LD50 for acute toxicity studies is 2707 +/- 12 6 mg/kg Mean EC50

LD50 for acute toxicity studies is 2707 +/- 12.6 mg/kg. Mean EC50 values for Aw. CMeOH on spontaneous and KCl-induced contractions are 3.41 +/- 0.18 (2.56-3.8, n=6) and 0.68 +/- 0.05 (0.6-0.85, n=6) mg/ml, respectively. Respective EC50 values for n-hexane fraction on spontaneous and KCl-induced contractions are 3.06 +/- 0.08 (2.8-3.3, n=6) and 1.68 +/- 0.8 (1.4-1.9, n=6) mg/ml, respectively. Corresponding EC50 (mg/ml) values for chlorofoimic, ICG-001 ethylacetate and aqueous fractions of Achillea wilhelmsii on spontaneous rabbits’ jejunum preparations are 4.8 +/- 0.2 (4.41-5.63, n=6), 5.07 +/- 0.15 (4.7-5.58, n=6) and 5.2 +/- 0.13 (4.91-5.64, n=4), respectively. Constructing calcium chloride

curves, in the presence of 0.1 mg/ml of Aw. CMeOH, mean EC50 value (log molar [Ca++]) is-1.98 +/- 0.03 (-1.89-2.05, n=6) vs. control EC50 (log molar [Ca++])-2.41 +/- 0.02 (-2.32-2.44, n=6). Mean EC50 value (log molar [Ca++]) for 0.3 mg/ml n-hexane fraction is-1.76 +/- 0.05 (-1.70 -1.93, n=6) vs. control EC50 (log molar [Ca++]) value-2.18 +/- 0.07 (-2.0-2.46, n=6). While in the presence of chloroformic fraction (3 mg/ml), mean EC50 (log molar selleck chemicals [Ca++]) value is -2.4 +/- 0.1 (-2.78-2.9, n=6) vs. control EC50 (log molar [Ca++]) value-2.70 +/- 0.05 (-2.5-2.8, n=6). Mean EC50 value (log molar [Ca++]) for ethyl acetate fraction (1 mg/ml) is-1.94 +/- 0.07 (-1.75-2.05, n=6) vs. control EC50 (log molar [Ca++]) value-2.69 +/- 0.04 (-2.57-2.79,

n=6). Mean EC50 (log molar [Ca++]) value for residual aqueous

fraction (3 mg/ml) is-1.8 +/- 0.3 (-1.71-1.84, n=6) vs. control EC50 (log molar [Ca++]) -2.6 +/- 0.04 (-2.59-2.76, n=6). Whereas, the verapamil (0.1 mu M) EC50 value (log molar [Ca++]) is-1.7 +/- 0.1 (-1.6-1.8, n=6) vs. control EC50 value (log molar [Ca++])-2.4 +/- 0.09 (-2.3-2.47, n=6).

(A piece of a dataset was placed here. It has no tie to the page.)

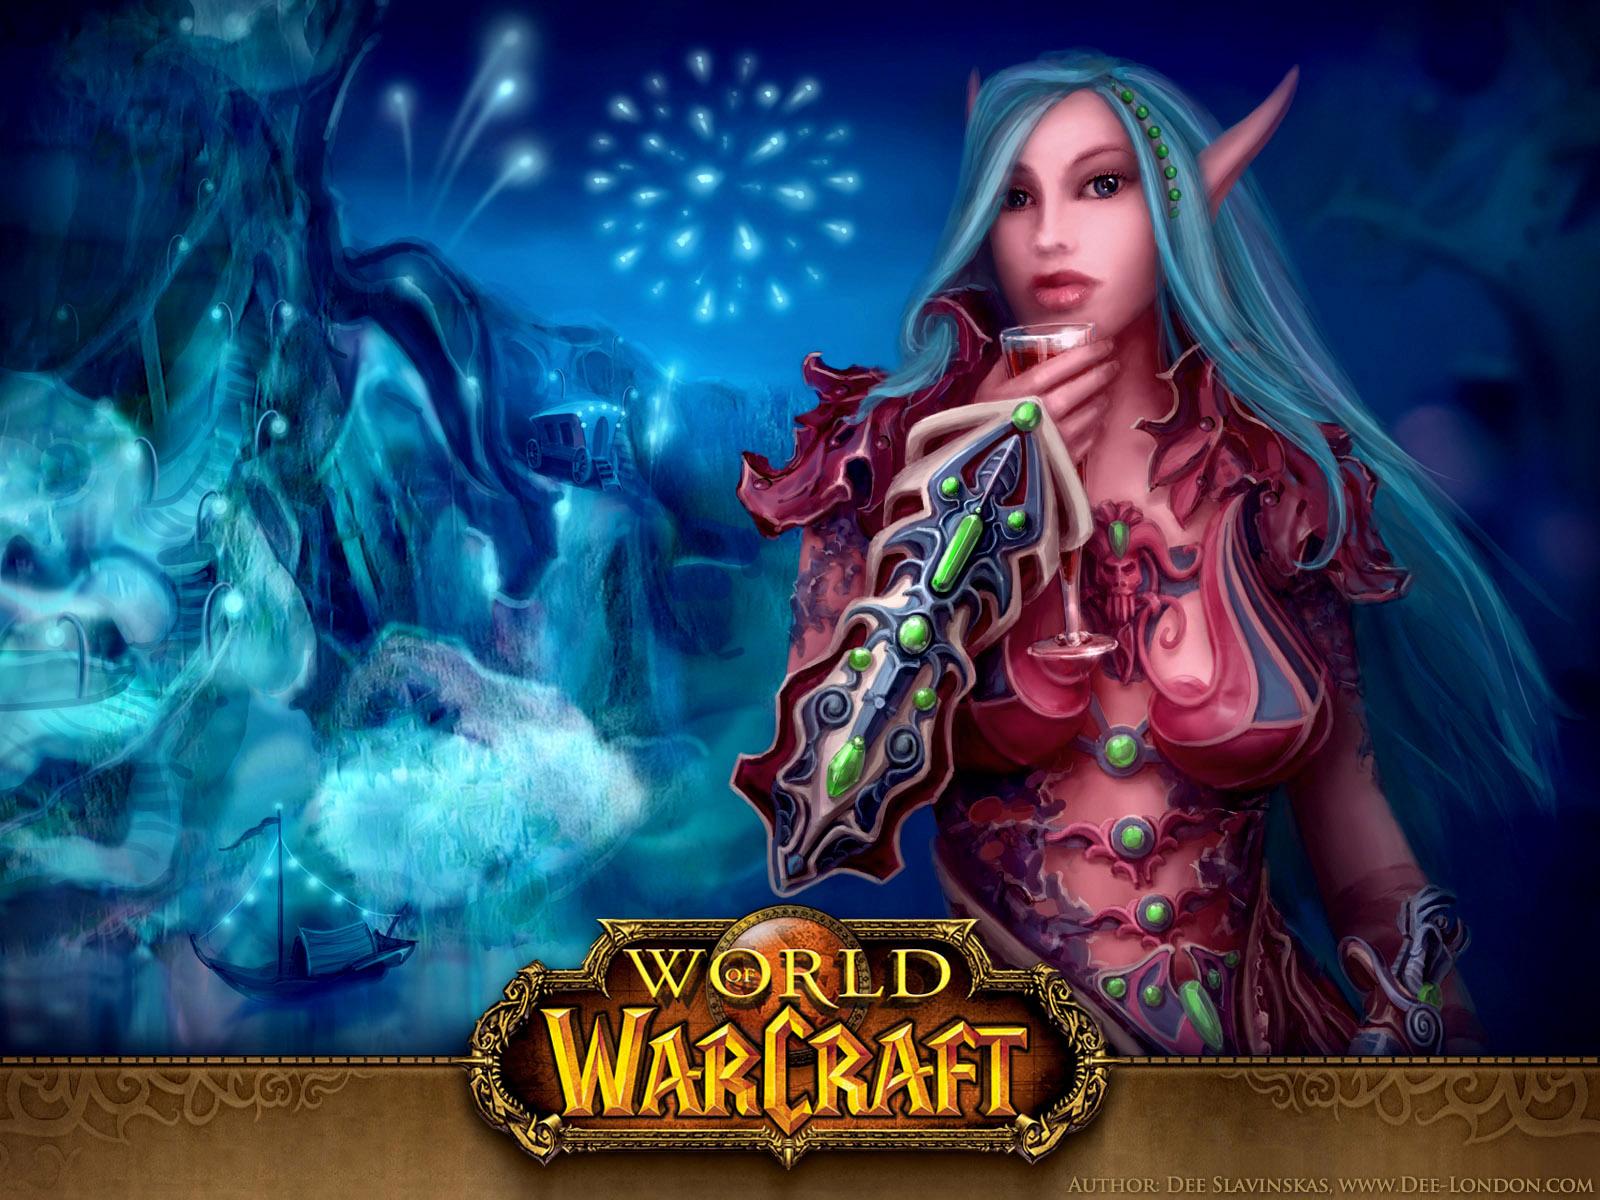 http://3.bp.blogspot.com/_q4581RiDiSM/TLEq_fiDvSI/AAAAAAAAfOo/vjEa9T2LUHU/s1600/warcraft-wallpaper-slavinskas-1600.jpg

The present research work confirms that the see more intestinal relaxation effect of Achillea wilhelmsii is supporting its traditional use as antispasmodic. The plant species can be a source for calcium antagonist(s), which can preferably be isolated from n-hexane fraction.”
“Background and objective: Genetic background is thought to be one of the risk factors for development of COPD. Recently, it has been proposed that the innate immune system is involved in the pathophysiology of COPD. We hypothesized that polymorphisms in the nucleotide-binding and oligomerization domain (NOD)1 and NOD2 genes would be associated with the pathogenesis of COPD. In addition, the associations between these single nucleotide polymorphisms (SNPs) and phenotypes of COPD were analysed.

Methods: Japanese COPD patients (n = 228) and non-COPD smokers (n = 101) were recruited from the outpatient clinic at Kyoto University Hospital, Kyoto, Japan. At entry into the study, a blood sample was taken and a pulmonary function test was performed.